Tuesday, November 28, 2006

November 28 Flu Update

Sorry for yesterday...needed rest more! Back at it...

A 35 year old woman in Indonesia died of bird flu today. CIDRAP reports. She was reported sick three weeks ago, and died despite receiving treatment for that amount of time.

ProMed is skeptical of this report, citing the lack of details.

CIDRAP also reports that bird flu has hit a second area in South Korea.

ProMed on South Korea--note mod comment lauding quick action by South Korean officials.

OIE report from South Korea provides official confirmation, via ProMed.

Today's news is about money--how much would it cost to fight the bird flu? The UN says it needs $1.3B more than what was pledged last January.

Would a cheap bird flu test help? Vietnam and Hong Kong are testing.

In Alberta, the nine health regions are getting $30 million to prepare for the bird flu.

The Philippines are preparing for major losses in the poultry industry if the flu comes.

Kaduna, a state in Nigeria, is preparing for the bird flu.

India is afraid the bird flu crisis in South Korea might cut down on Korean imports of Indian oilmeal.

Roche says that there is no evidence the flu is becoming resistant to Tamiflu.

Surveillance in South Dakota yields no birds with H5N1.

Companies in Hong Kong are no different than anywhere else--they are not ready for a pandemic.

1 Comments:

At 7:14 PM, Blogger Wulfgang said...

Orange;

Actually I have two comments this evening, so two for the price of one.

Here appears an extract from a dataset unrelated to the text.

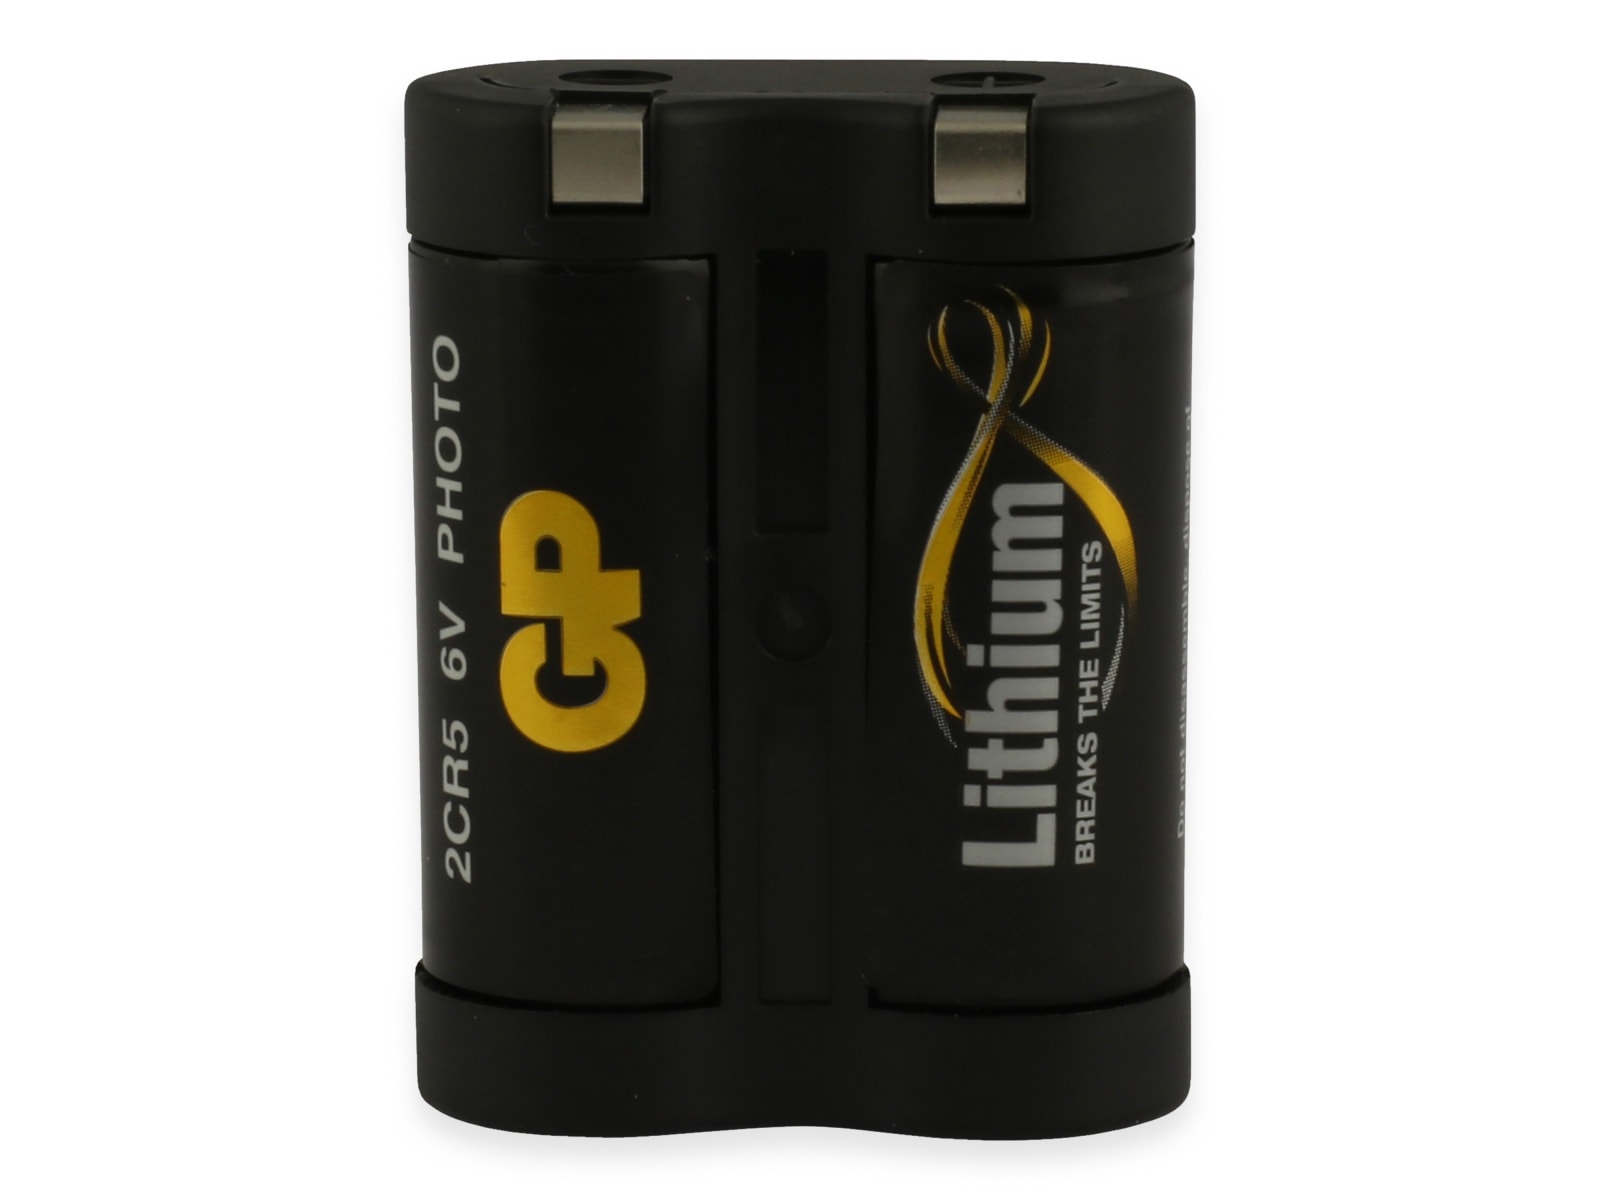 GP Lithium-Batterie 2CR5 1 Stück

What a deal.

The ProMed article reminds me of a meeting on pandemic planning I attended in April. When the discussion evolved to H5N1 infection of poultry, the scientists, phyicians, and planners present did not get too excited, since the solution I heard discussed pretty much followed what is described in the article about the S. Korean approach - cordon off and quarrantine the area, use PPE and destroy the infected subjects, safely dispose of the contaminated materials, and conduct disinfectant procedures. Each outbreak would be contained this way. Unless one is a card carrying PETA memeber, this is what is necessary.

When it comes to established known human-to-human outbreak situation, it was said that if quarrantine procedures were not established immediately within a 15 mile radius, then there is no known means to stop the pandemic from spreading. Since then, this viewpoint has not changed. We flood the suspected geographical area with Tamiflu as a precaution, to stop any potential H2H spread.

Second comment. I have no concrete evidence, but I suspect that the 75% number of Hong Kong business firms that are unprepared for a pandemic, also applies to both the US and Canada. Most business firms are very small and simply do not have the resources or planning where-with-all, to adequately prepare. This is sad, because they will have the most to lose if normal business operations are interrupted. Good bye mom and pop, the Fortune 500's get bigger.

But hey, this is a Democracy, and free enterprise prevails, and it is survival of the fittest in the market place. Shakespeare said, "Yesterday the bird of night did sit, even at noon-day, upon the market-place, hooting and shrieking" (Julius Ceasar). Pretty smart guy.